Peprilus paru, (harvestfish or American harvestfish; syn. Peprilus alepidotus), also occasionally known by a few local names as star butter fish or sometimes even simply as butterfish, is a marine, benthopelagic, circular-shaped and deep-bodied fish classified in the family Stromateidae of butterfishes.

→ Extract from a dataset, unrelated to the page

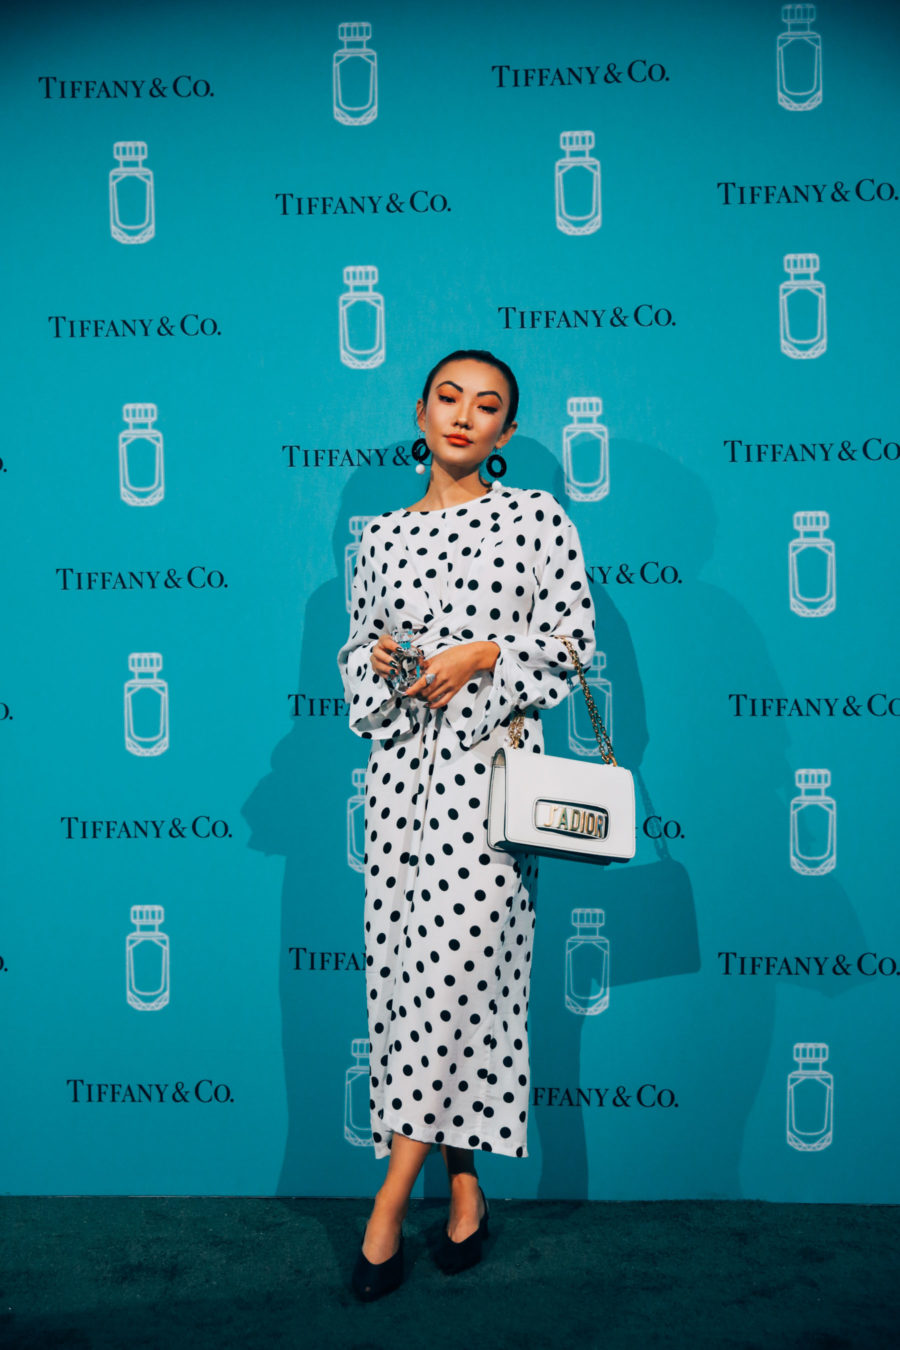 NYFW Hermes and Tiffany & Co. Fragrance Launch // NotJessFashion.com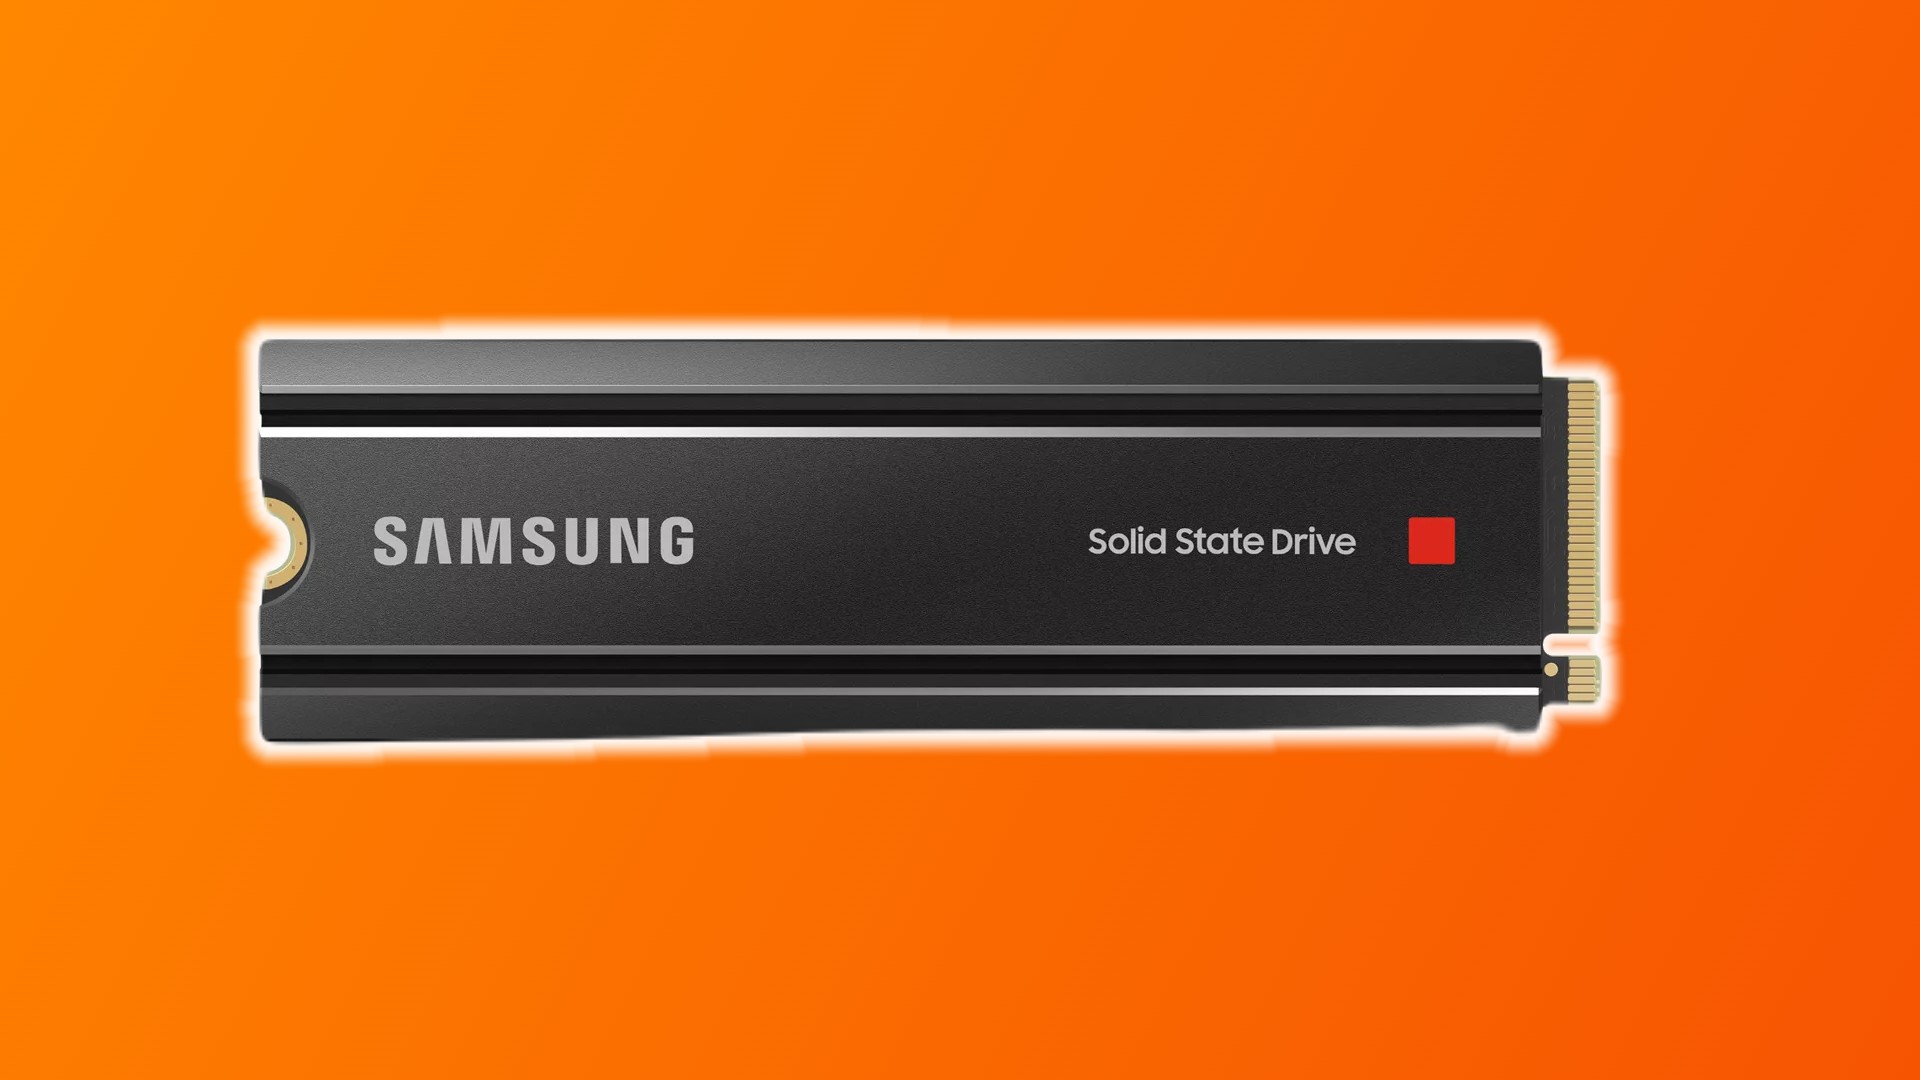 Save up to $52 on a Samsung gaming SSD, perfect for PC or PS5

These fish grow usually to about 20 cm in length, and are deep-bodied and circular-shaped, with curved fins, rounded nose and small mouth. Harvestfish are greenish silvery above, silvery sometimes tinged with yellow on its sides and belly and the fins of some individuals are slightly dusky or yellowish. Their habitat is the subtropical waters of the Western Atlantic: Chesapeake Bay and northern Gulf of Mexico in United States to Argentina. Harvestfish are sometimes caught commercially as a food fish.

==Description==
The harvestfish is deep-bodied, round, and strongly compressed laterally with a forked caudal fin. It has long, curved, sickle-shaped dorsal and anal fins, lacks pelvic fins, a blunt snout, a small mouth, weak teeth, and lack a longitudinal keel. Harvestfish are usually silvery and iridescent, sometimes with a green tint on its dorsal half, with tinged yellow fins. They usually grow to about 18 to 30 cm in length. Harvestfish have 2–5 total dorsal spines, 38–47 total soft dorsal rays, 2–3 anal spines, and 35–45 soft anal rays. The harvestfish also lacks the mucous pores situated below the anterior half of the dorsal fin that are conspicuous in the butterfish.

==Diet==
Adults are predatory and feed on small fishes, invertebrates such as jellyfish, crustaceans, and worms. Juveniles are plankton feeders.

==Habitat==
The harvestfish is a pelagic schooling fish found in subtropical waters in coastal bays and inshore waters over the continental shelf at moderate depths. Juveniles can be found in shallow coastal waters or near coastal estuaries. They are known for their habit of swimming under certain species of jellyfishes, where they find shelter and perhaps a food supply of small invertebrates that have become entangled in the tentacles, but they are also subject to fatal stings inflicted by these tentacles.

==Distribution==
The harvestfish distribution is Western Atlantic, as well as the Northern Gulf of Mexico to Argentina. They can range from Florida to Venezuela, Trinidad, and Antilles. They have been found in the western Caribbean.